#### [Exercise directions]
The lines below must be transcribed exactly as given, with the images removed.

Top of Dataset extract

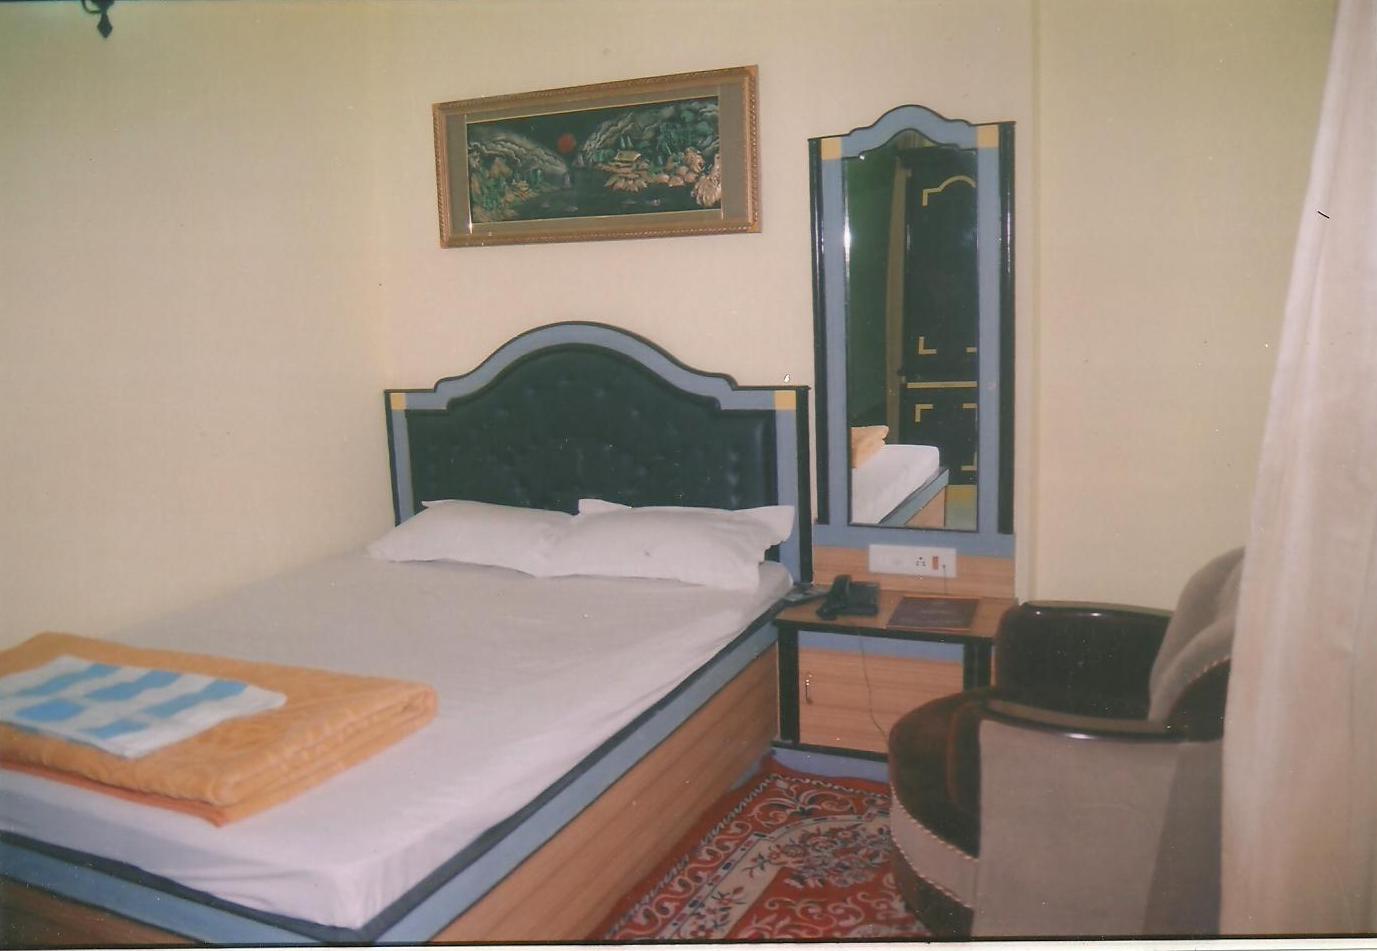 DELUXE HOTEL IN BEGUSARAI
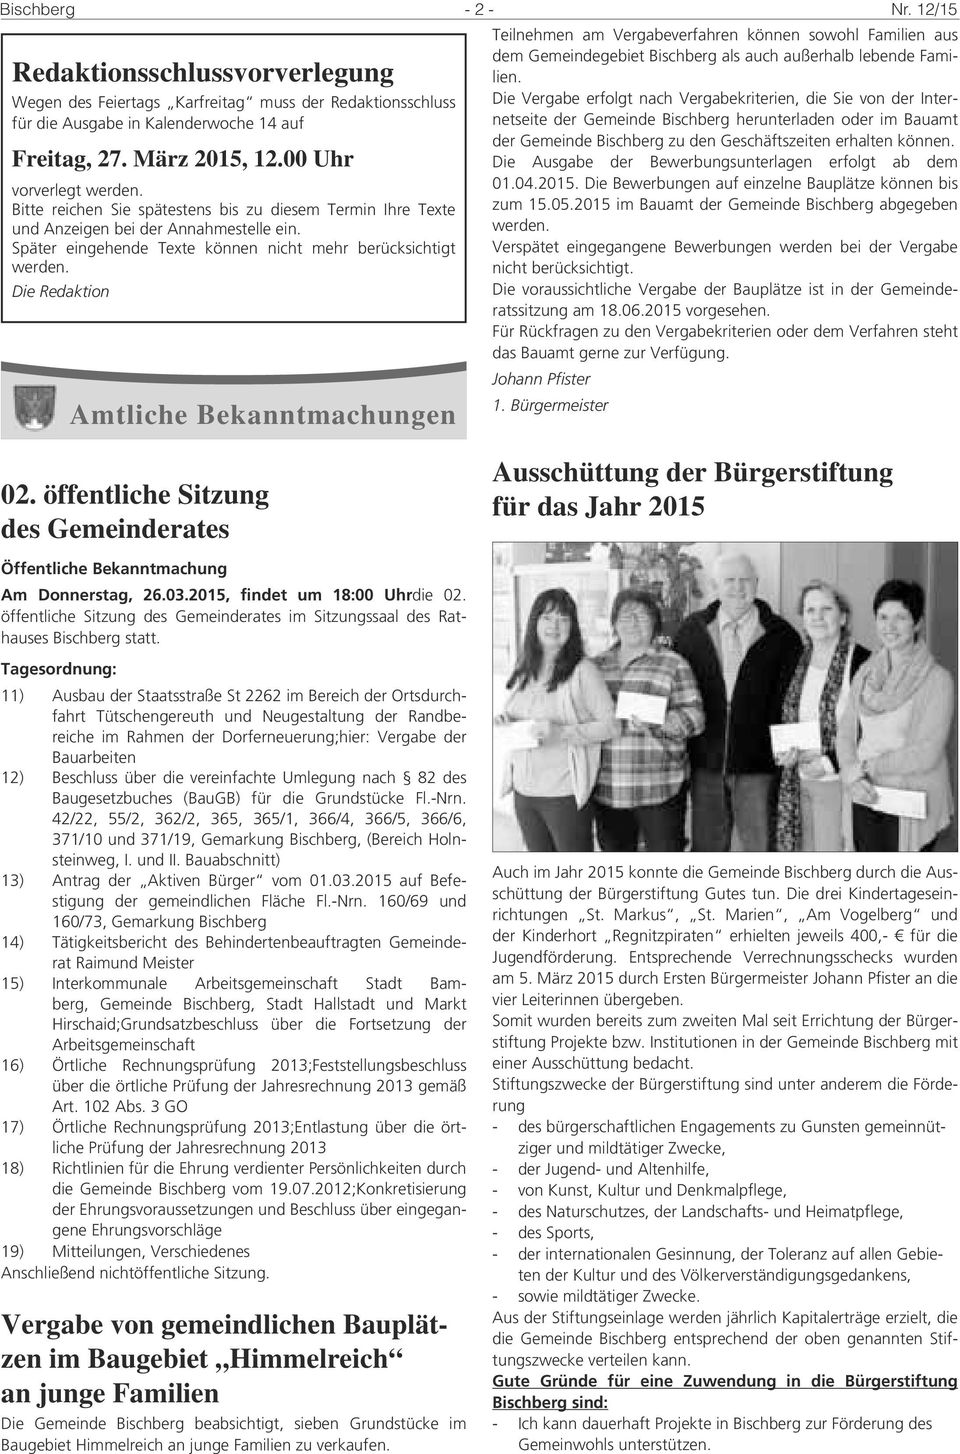 mitteilungsblatt der gemeinde bischberg pdf kostenfreier download
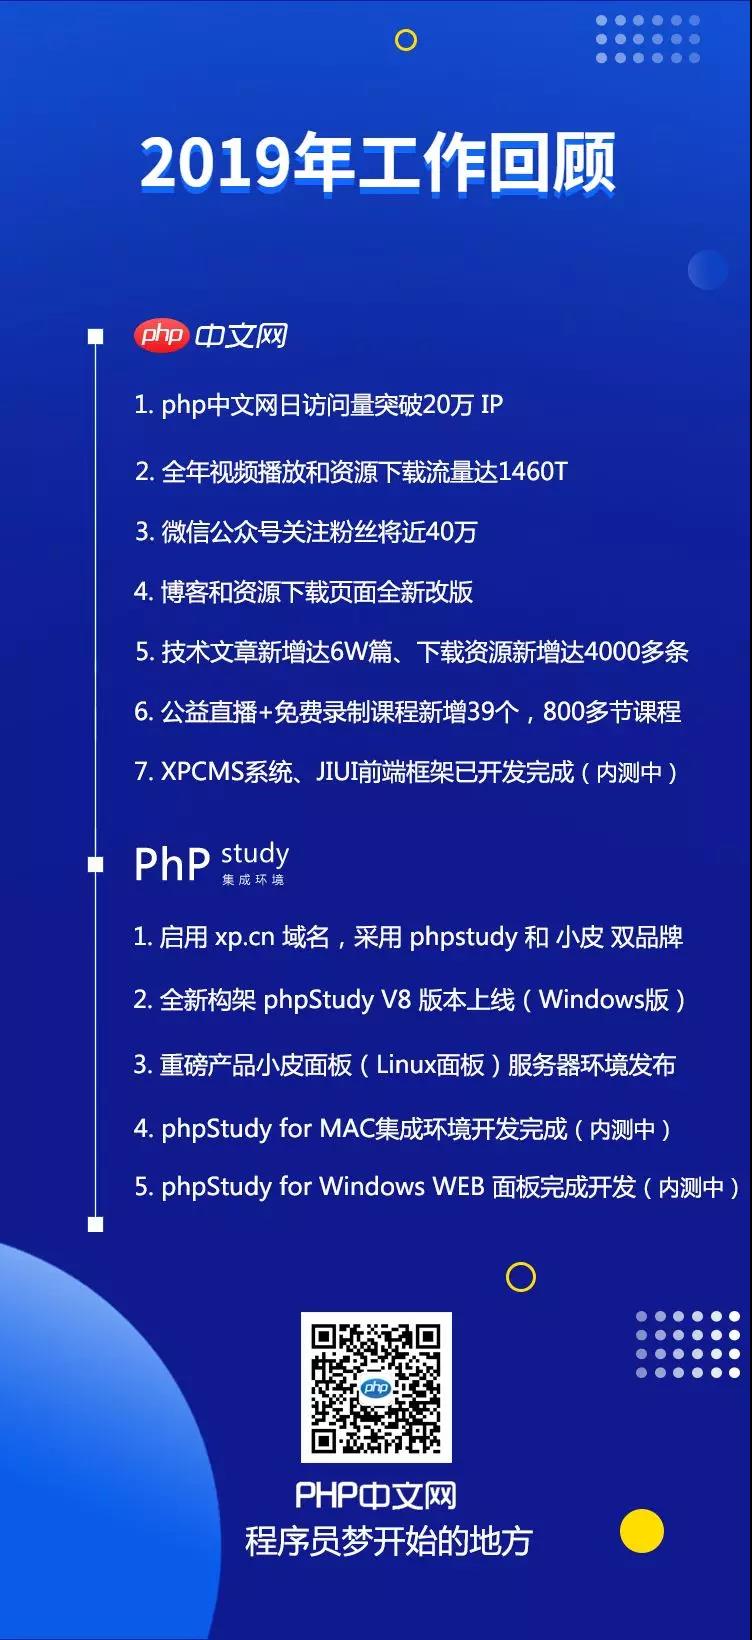 php中文网一份年终汇报

Bottom of Dataset extract

#### [Exercise response]
 DELUXE HOTEL IN BEGUSARAI
 mitteilungsblatt der gemeinde bischberg pdf kostenfreier download
 php中文网一份年终汇报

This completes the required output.